= Beginning of Section =

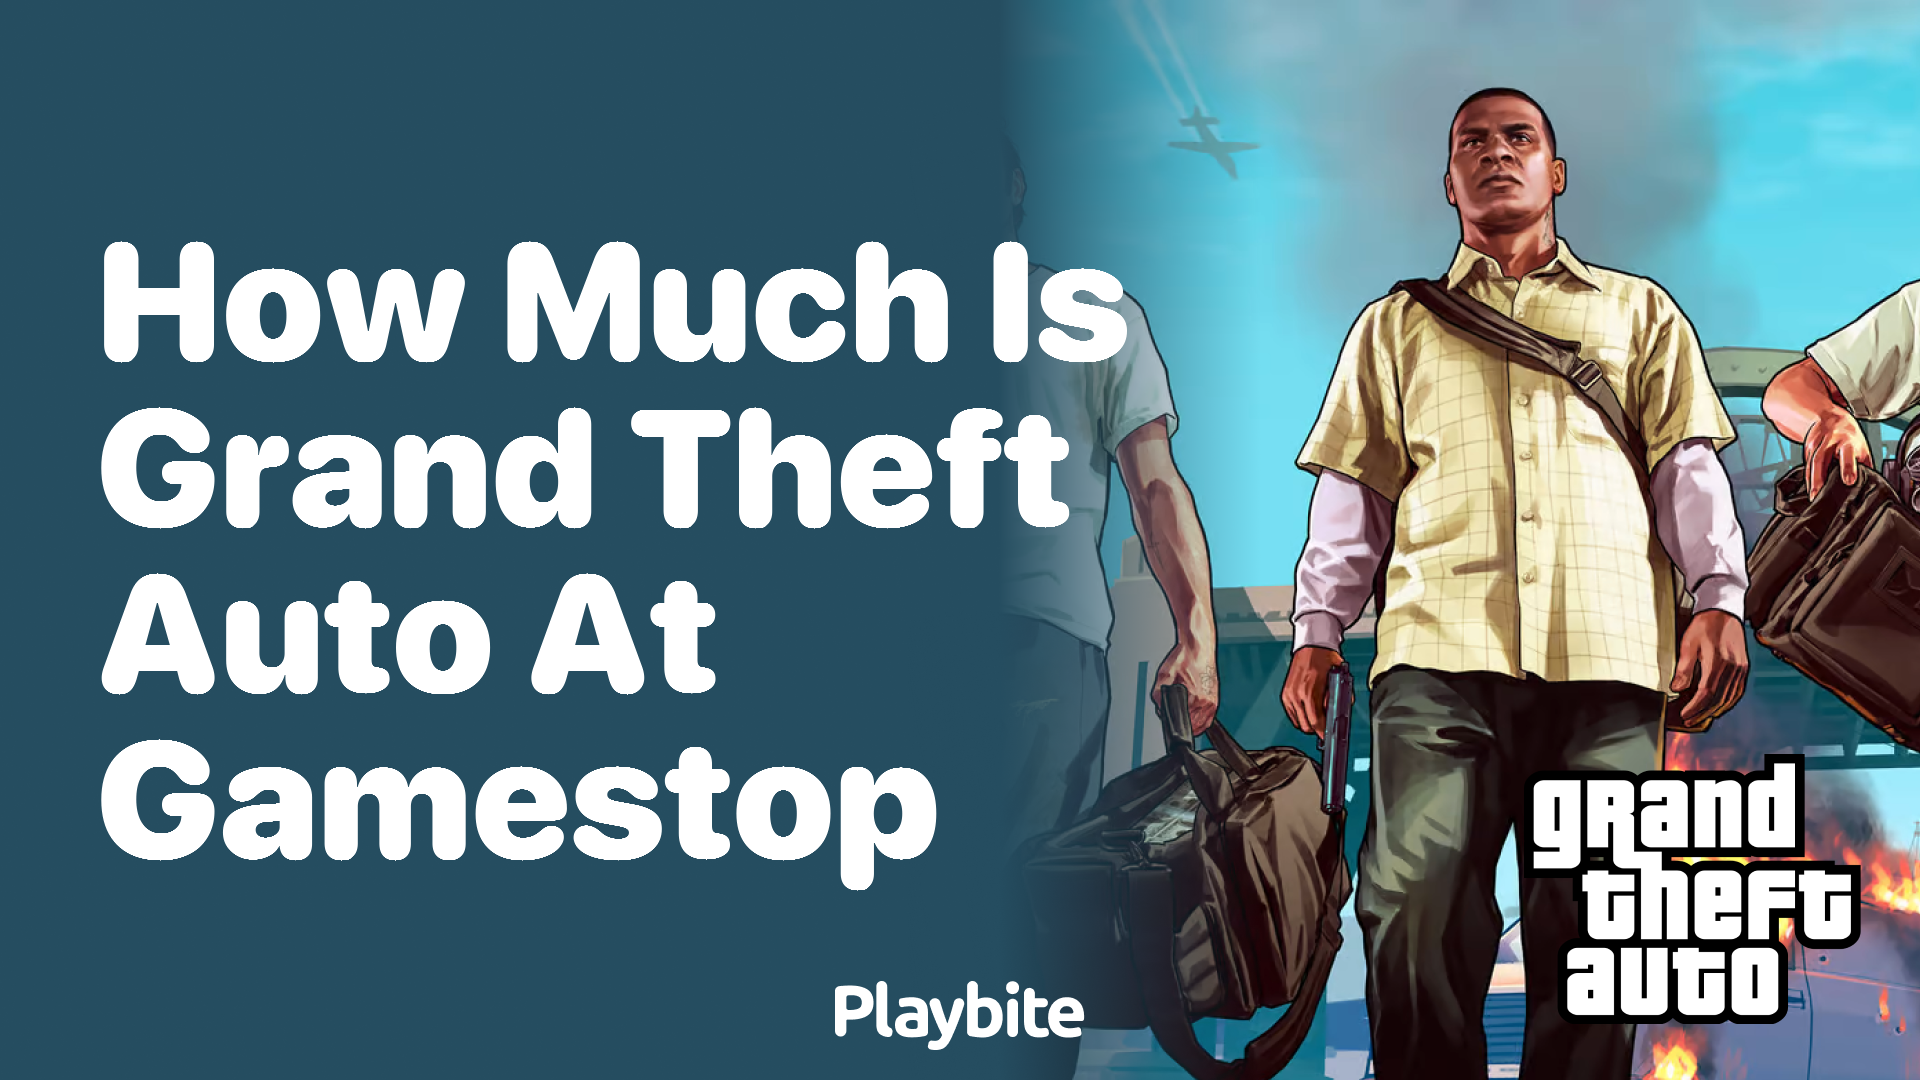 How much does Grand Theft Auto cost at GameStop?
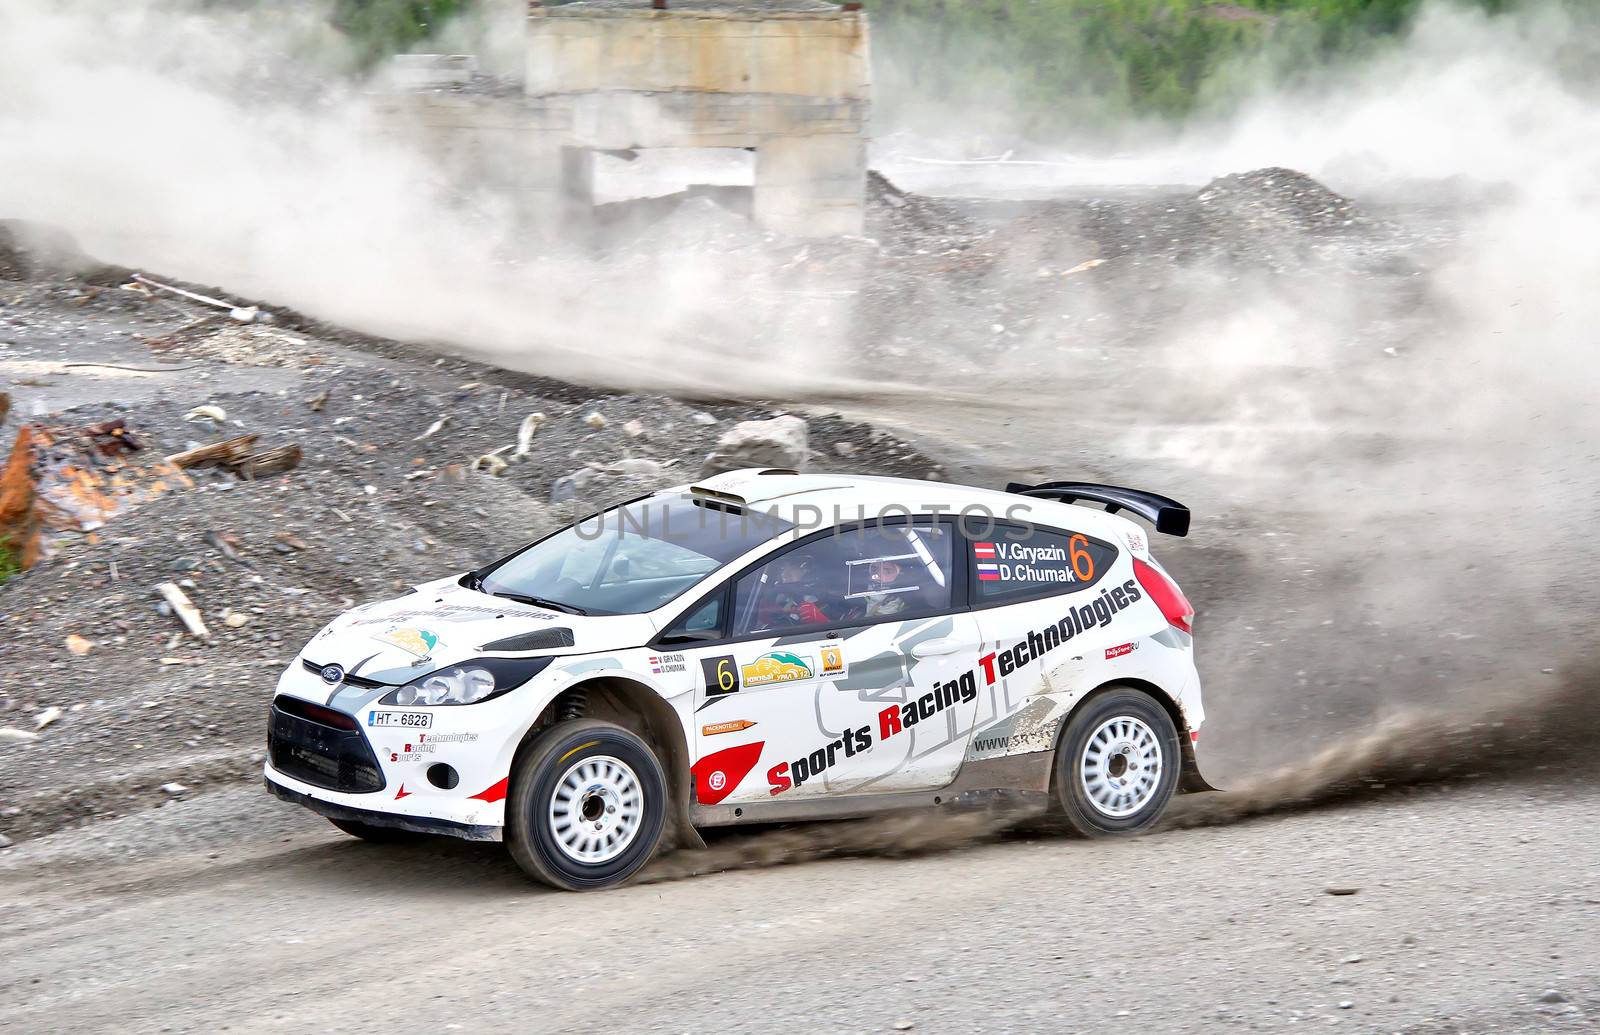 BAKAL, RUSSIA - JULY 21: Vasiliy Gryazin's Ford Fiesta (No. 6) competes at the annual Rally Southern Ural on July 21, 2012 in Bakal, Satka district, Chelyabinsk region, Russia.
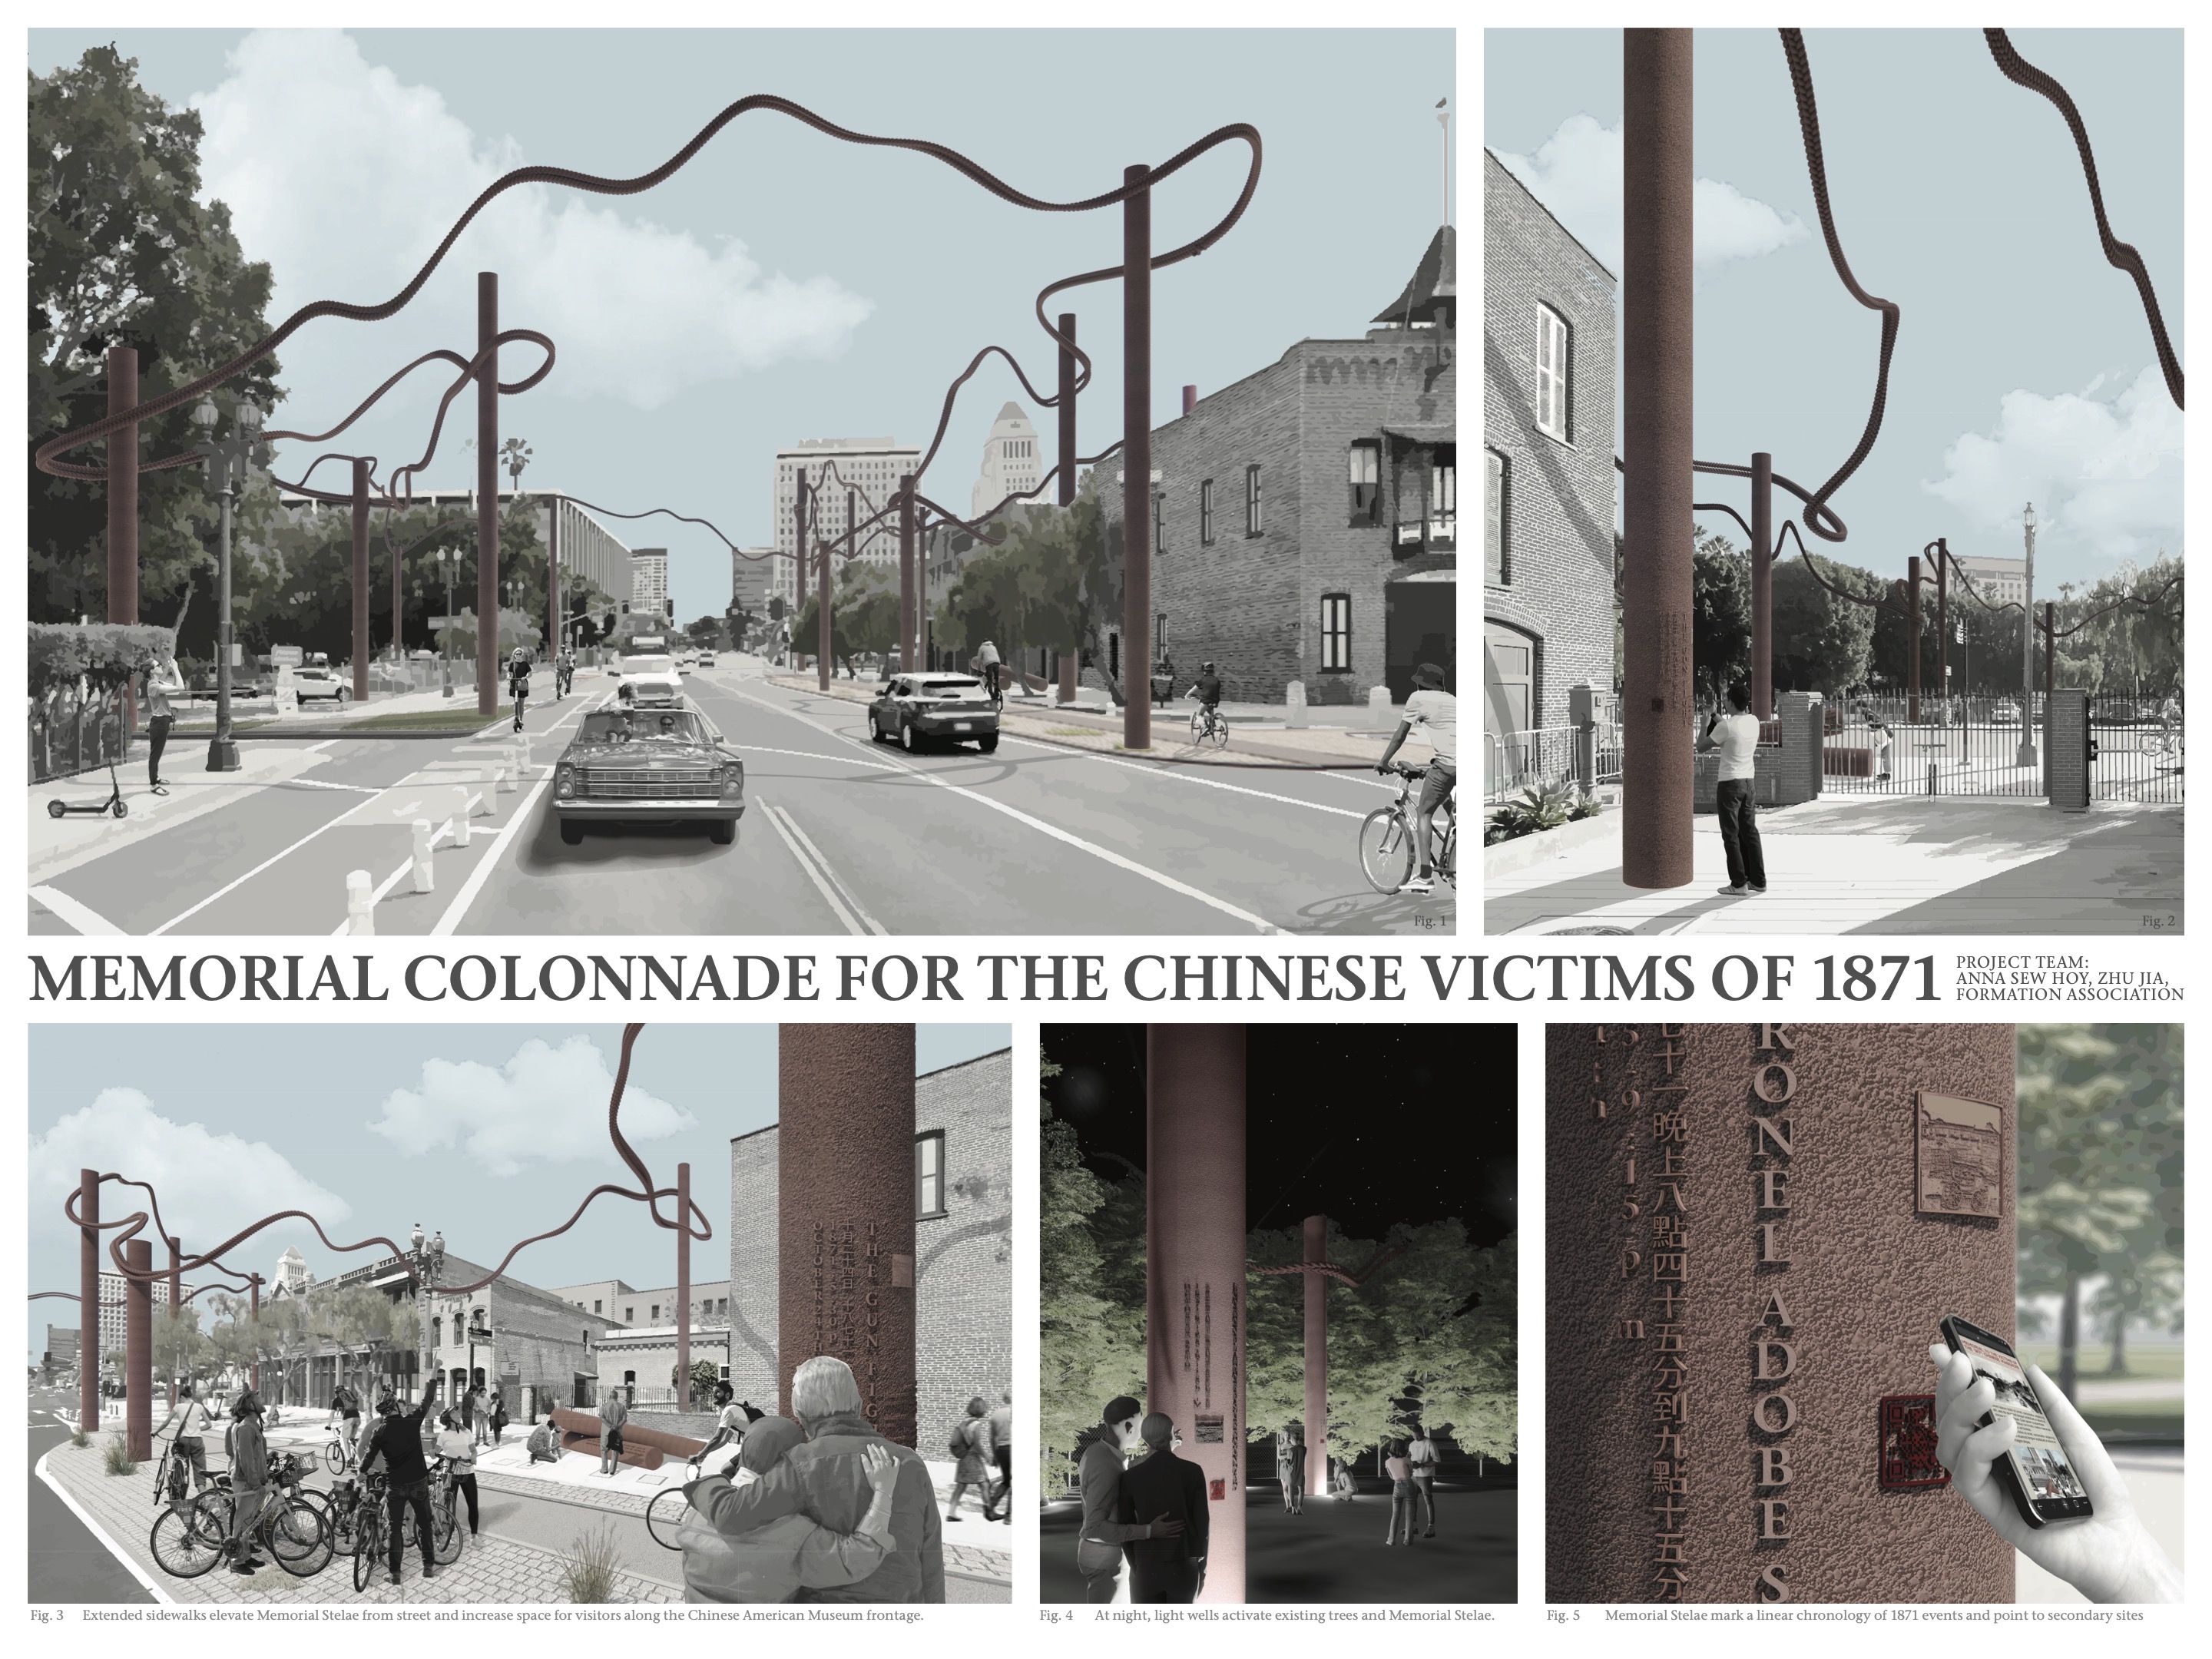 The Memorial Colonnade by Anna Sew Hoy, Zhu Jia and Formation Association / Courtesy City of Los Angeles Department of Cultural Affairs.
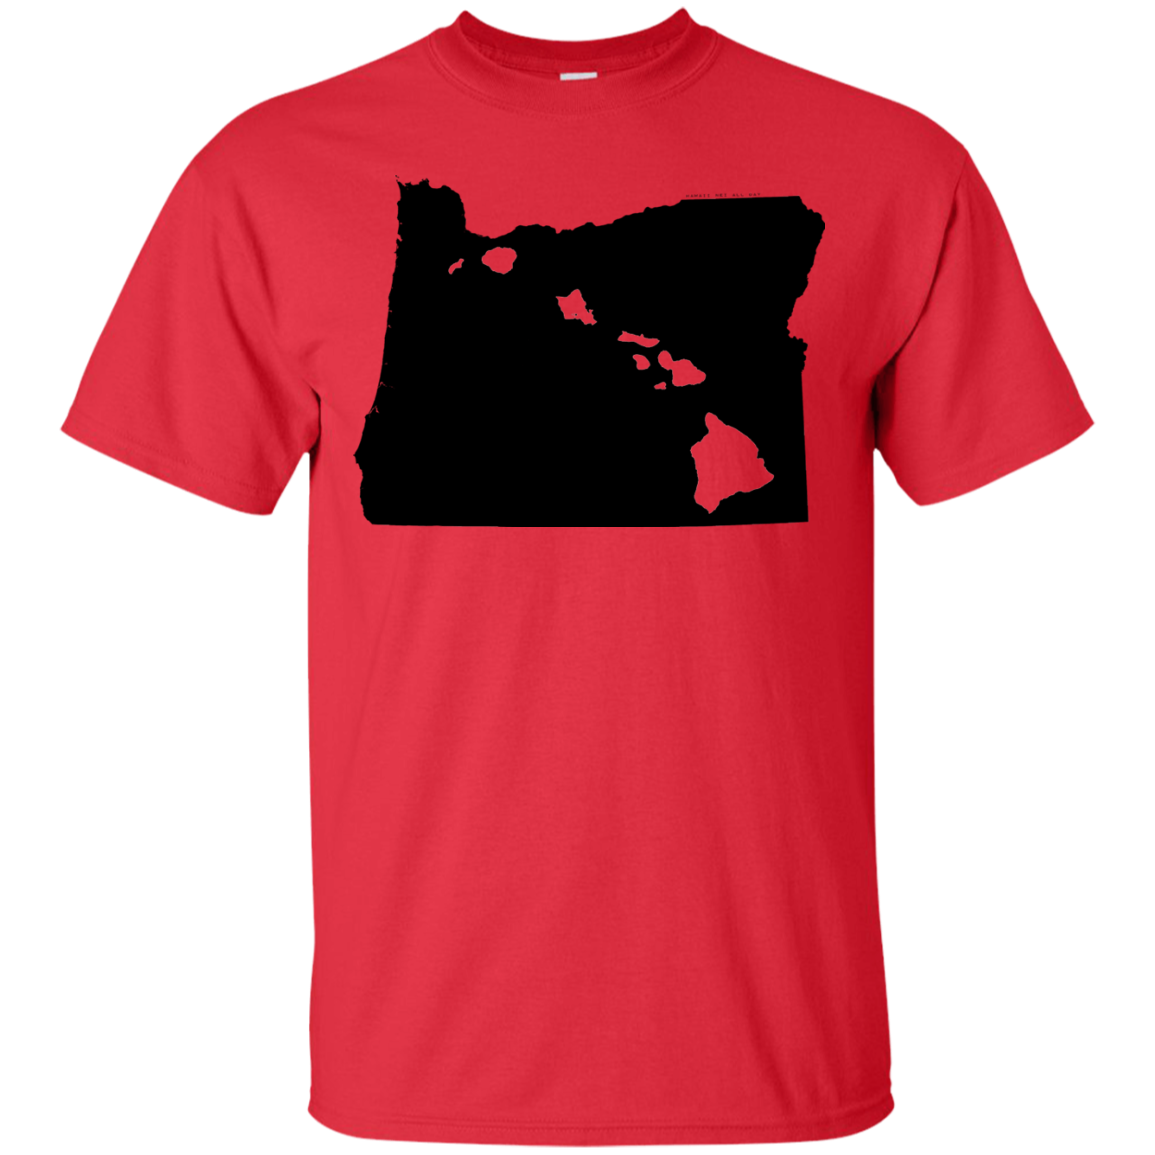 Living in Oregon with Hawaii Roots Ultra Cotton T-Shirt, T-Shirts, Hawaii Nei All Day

= End of Section =

- ASSIGNMENT -
Each line above is to be duplicated exactly, and the pictures are to be omitted.

- RESPONSE -
 How much does Grand Theft Auto cost at GameStop?
 BAKAL, RUSSIA - JULY 21: Vasiliy Gryazin's Ford Fiesta (No. 6) competes at the annual Rally Southern Ural on July 21, 2012 in Bakal, Satka district, Chelyabinsk region, Russia.
 The Memorial Colonnade by Anna Sew Hoy, Zhu Jia and Formation Association / Courtesy City of Los Angeles Department of Cultural Affairs.
 Living in Oregon with Hawaii Roots Ultra Cotton T-Shirt, T-Shirts, Hawaii Nei All Day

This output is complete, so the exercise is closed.